Instructions for the task: Write every record out again exactly as given.

(Recorded data)
....

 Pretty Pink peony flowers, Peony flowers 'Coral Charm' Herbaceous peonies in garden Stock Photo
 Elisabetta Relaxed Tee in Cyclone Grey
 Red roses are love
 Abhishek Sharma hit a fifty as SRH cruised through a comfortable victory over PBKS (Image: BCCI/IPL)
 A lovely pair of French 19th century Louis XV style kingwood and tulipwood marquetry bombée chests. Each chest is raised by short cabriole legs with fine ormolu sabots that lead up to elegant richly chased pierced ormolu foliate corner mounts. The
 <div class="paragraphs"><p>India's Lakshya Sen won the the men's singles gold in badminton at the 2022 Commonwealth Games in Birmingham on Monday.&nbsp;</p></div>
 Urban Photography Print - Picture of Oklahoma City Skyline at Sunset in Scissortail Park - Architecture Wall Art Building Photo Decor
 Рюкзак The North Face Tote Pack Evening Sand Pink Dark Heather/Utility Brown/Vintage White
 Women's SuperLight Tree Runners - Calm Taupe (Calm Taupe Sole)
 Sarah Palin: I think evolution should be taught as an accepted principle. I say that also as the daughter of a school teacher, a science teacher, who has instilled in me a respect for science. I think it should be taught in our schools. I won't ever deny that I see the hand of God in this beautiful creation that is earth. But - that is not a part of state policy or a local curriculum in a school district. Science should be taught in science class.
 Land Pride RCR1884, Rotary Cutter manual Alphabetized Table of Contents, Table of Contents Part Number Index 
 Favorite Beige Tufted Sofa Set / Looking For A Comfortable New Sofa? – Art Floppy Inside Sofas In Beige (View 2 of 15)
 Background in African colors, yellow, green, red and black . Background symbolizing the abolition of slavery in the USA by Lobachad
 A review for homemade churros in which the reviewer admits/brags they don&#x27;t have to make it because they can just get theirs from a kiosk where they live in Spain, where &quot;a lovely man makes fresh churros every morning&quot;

....

Written solution:
 Pretty Pink peony flowers, Peony flowers 'Coral Charm' Herbaceous peonies in garden Stock Photo
 Elisabetta Relaxed Tee in Cyclone Grey
 Red roses are love
 Abhishek Sharma hit a fifty as SRH cruised through a comfortable victory over PBKS (Image: BCCI/IPL)
 A lovely pair of French 19th century Louis XV style kingwood and tulipwood marquetry bombée chests. Each chest is raised by short cabriole legs with fine ormolu sabots that lead up to elegant richly chased pierced ormolu foliate corner mounts. The
 <div class="paragraphs"><p>India's Lakshya Sen won the the men's singles gold in badminton at the 2022 Commonwealth Games in Birmingham on Monday.&nbsp;</p></div>
 Urban Photography Print - Picture of Oklahoma City Skyline at Sunset in Scissortail Park - Architecture Wall Art Building Photo Decor
 Рюкзак The North Face Tote Pack Evening Sand Pink Dark Heather/Utility Brown/Vintage White
 Women's SuperLight Tree Runners - Calm Taupe (Calm Taupe Sole)
 Sarah Palin: I think evolution should be taught as an accepted principle. I say that also as the daughter of a school teacher, a science teacher, who has instilled in me a respect for science. I think it should be taught in our schools. I won't ever deny that I see the hand of God in this beautiful creation that is earth. But - that is not a part of state policy or a local curriculum in a school district. Science should be taught in science class.
 Land Pride RCR1884, Rotary Cutter manual Alphabetized Table of Contents, Table of Contents Part Number Index 
 Favorite Beige Tufted Sofa Set / Looking For A Comfortable New Sofa? – Art Floppy Inside Sofas In Beige (View 2 of 15)
 Background in African colors, yellow, green, red and black . Background symbolizing the abolition of slavery in the USA by Lobachad
 A review for homemade churros in which the reviewer admits/brags they don&#x27;t have to make it because they can just get theirs from a kiosk where they live in Spain, where &quot;a lovely man makes fresh churros every morning&quot;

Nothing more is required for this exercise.